Pat Gelsinger was Intel's first CTO, and many thought he would succeed Paul Otellini when he retired as Intel CEO. But in 2009, after 30 years at the chip maker, Gelsinger moved to EMC as president and COO, and last year moved to EMC company VMware as CEO. On a recent visit to Bangalore , he spoke to TOI about his focus at the cloud and virtualization software company .
Corporate adoption of public clouds remains limited. Do you see this changing?
True, the large majority of what is running on public clouds like Amazon and Rackspace is not corporate workloads. It's Zynga. It's Netflix. And mobile-only internet-based services. What's happening from the corporation is this small sliver of almost entirely test and development. Inside corporations are these developers who can't get what they want from their IT department. So they use public clouds to get their job done. But if the corporation gets excited about the work and wants to deploy it, they can't do it in their internal datacentres because it's not compatible with, say, the Amazon resources used to develop it. Corporate IT requires SLAs (service level agreements), governance, privacy and other regulatory things that the current public clouds do not provide. This is why we now have our hybrid cloud solution that solves this problem by creating this seamlessness across the public-private environment . We'll have the same network, security, management , and compatible applications .
Will you build your own datacentres?
We will use somebody else's datacentre, but it will be my brand and I'll take operational responsibility for it.
You expect that with this corporates will go beyond test and development in public clouds?
Exactly.
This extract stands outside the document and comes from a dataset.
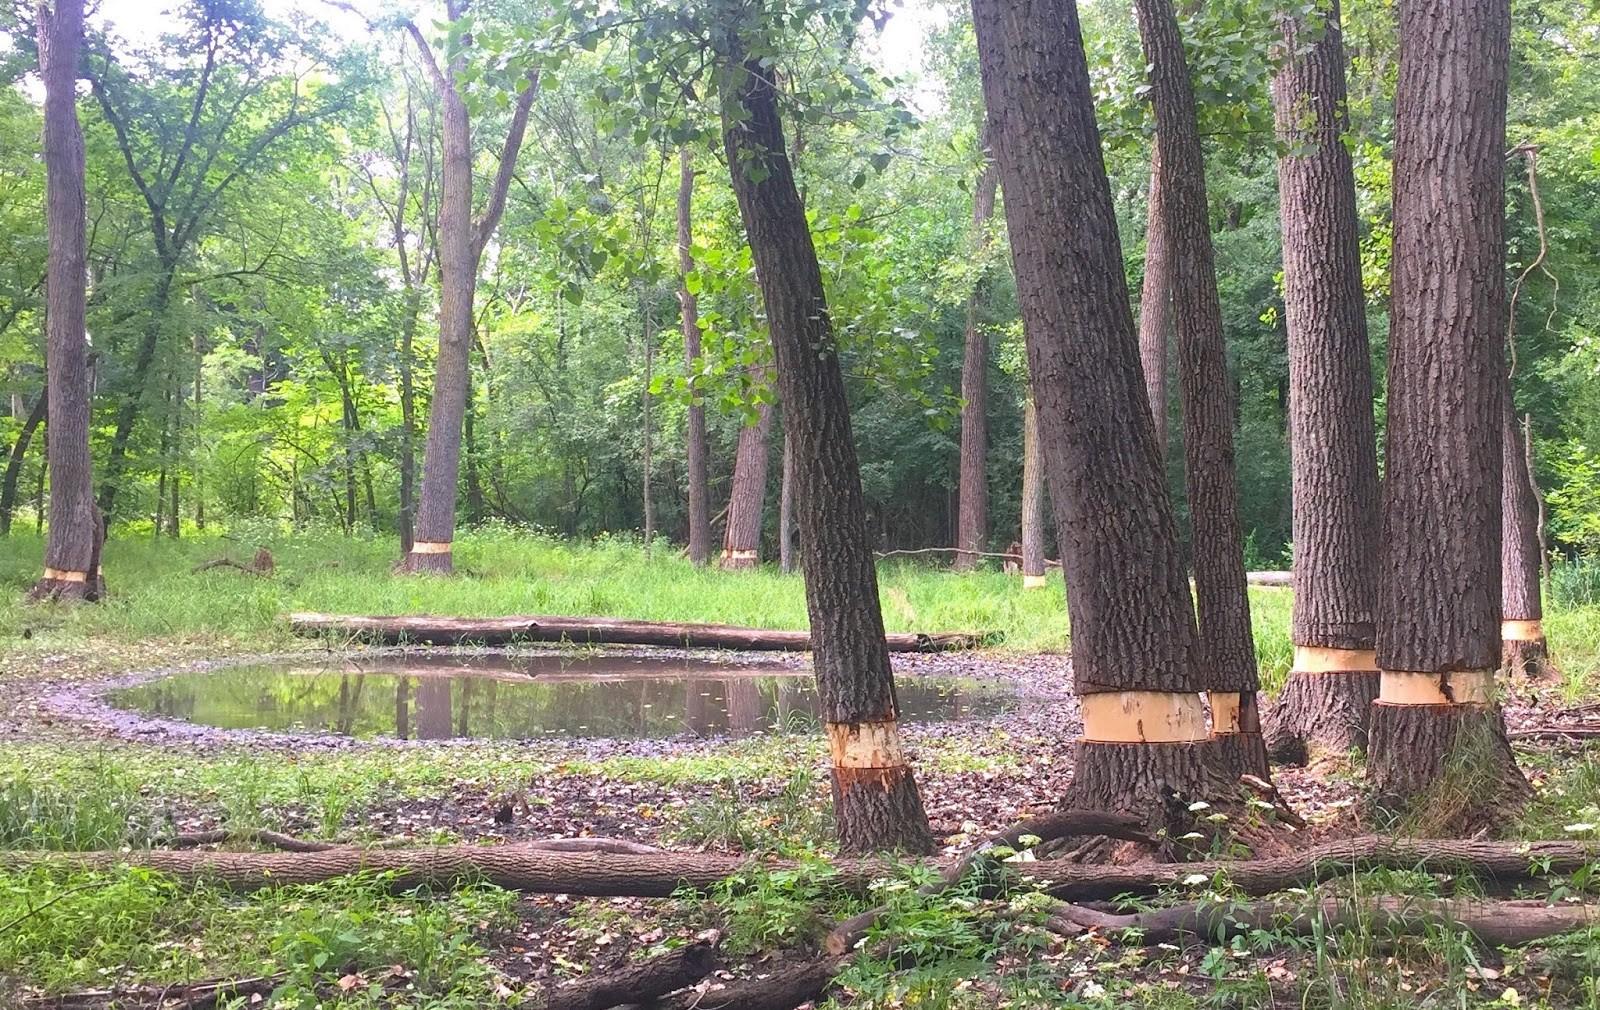 Girdling of Woody Invasive Species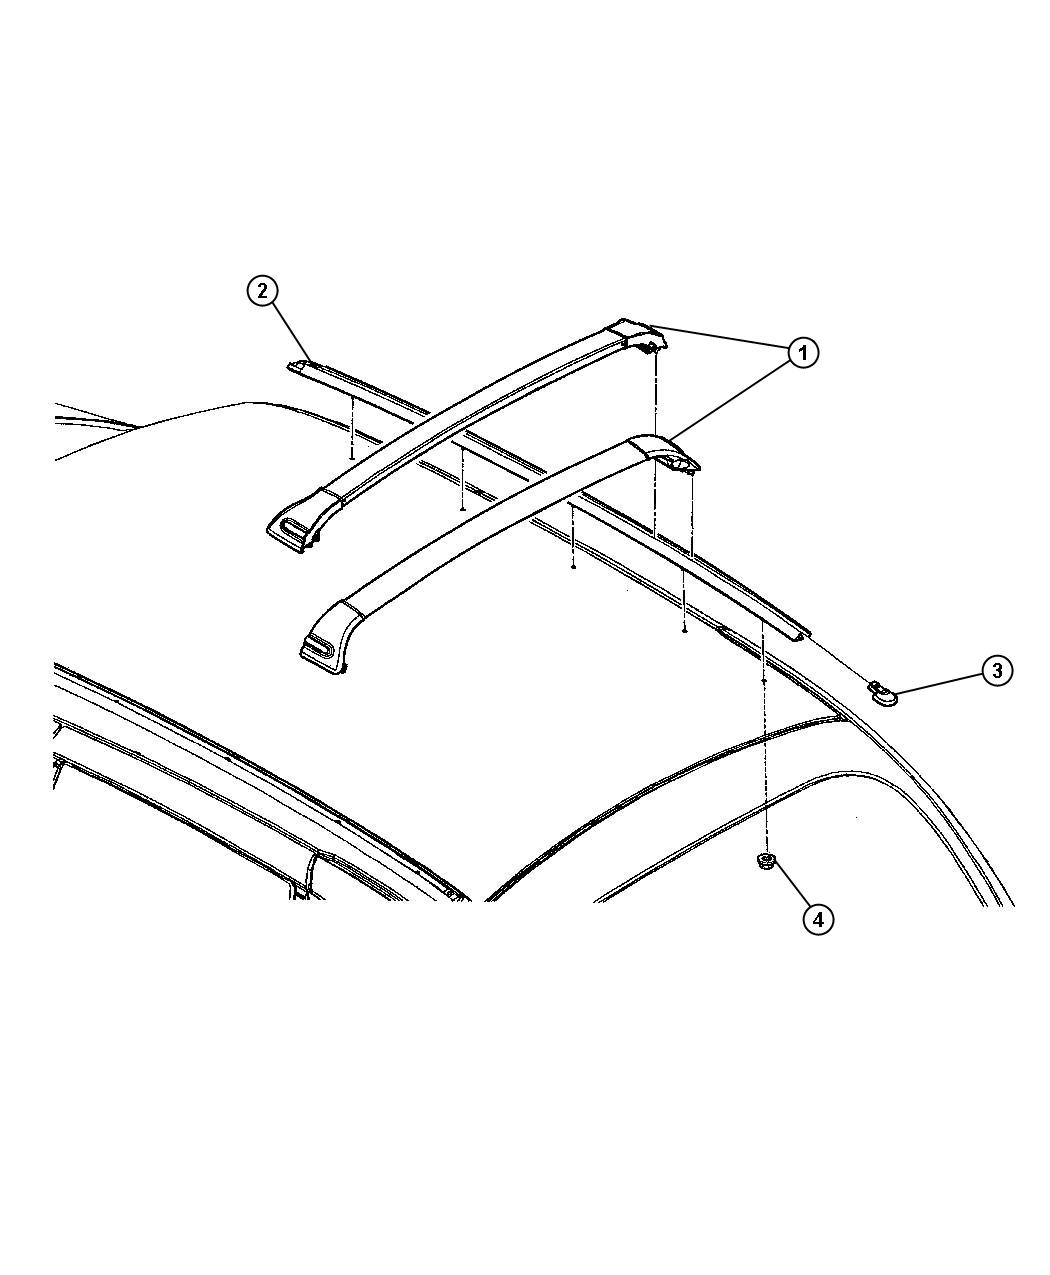 Chrysler Pt Cruiser Rail  Luggage Rack Side  Left  Use Up To 12-3-02

We were with a customer recently - a big media company - and their conclusion was that they could do two things based on our solution quickly. One was to drive up the utilization of their internal datacentres, which stood at about 50-60 %, because they would now be able to burst to our cloud whenever they thought their internal capacity was peaking . The second was to make us their DR (disaster recovery ) site, get DR as a service from us. DR represents around 25% of the overall IT budget.
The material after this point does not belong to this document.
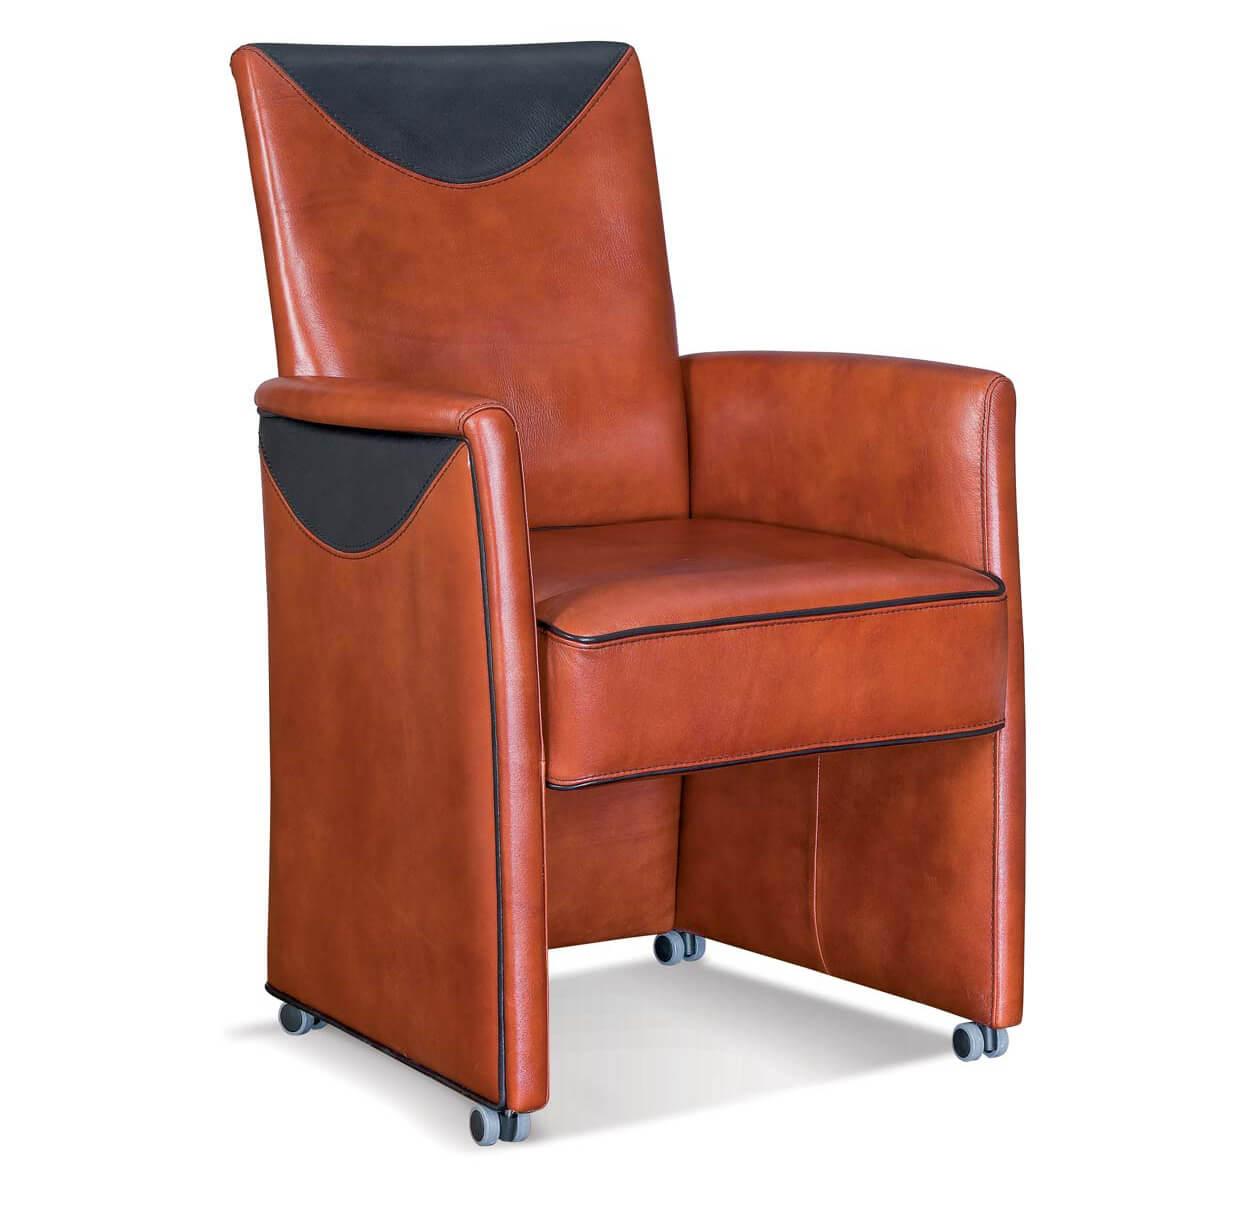 Mare eetkamer fauteuil - Mulleman Meubelen

How do you see the BYOD (bring your own device to work) movement?
Every CIO is struggling for answers to BYOD -- how do they enable new apps on mobile devices, and yet be able to manage and secure this data. Our answer again is to try to bridge the two worlds - deliver all the management and infrastructure tools that IT requires, but do it in a way that doesn't change the end user experience. We are seeing a lot of growth in this area.
Citrix found that in most companies, employees needed only email and a few other apps on their mobile devices, and not the full suite of corporate resources. So they now offer a limited BYOD solution that's substantially cheaper and simple to implement .
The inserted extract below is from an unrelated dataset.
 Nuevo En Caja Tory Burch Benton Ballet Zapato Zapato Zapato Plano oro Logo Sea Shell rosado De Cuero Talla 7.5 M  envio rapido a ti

They are adopting a different strategy than we are. Our strategy is to not focus on picking the apps for the end-user but enabling any app that IT would choose to be delivered. So we are taking an infrastructure view, just like we didn't pick which apps could be virtualized when we did virtualization. Citrix is a good company and are market leaders in certain portions of the market - we are number two in some areas - but we think the strategy we've laid out is getting a credible resonance from customers.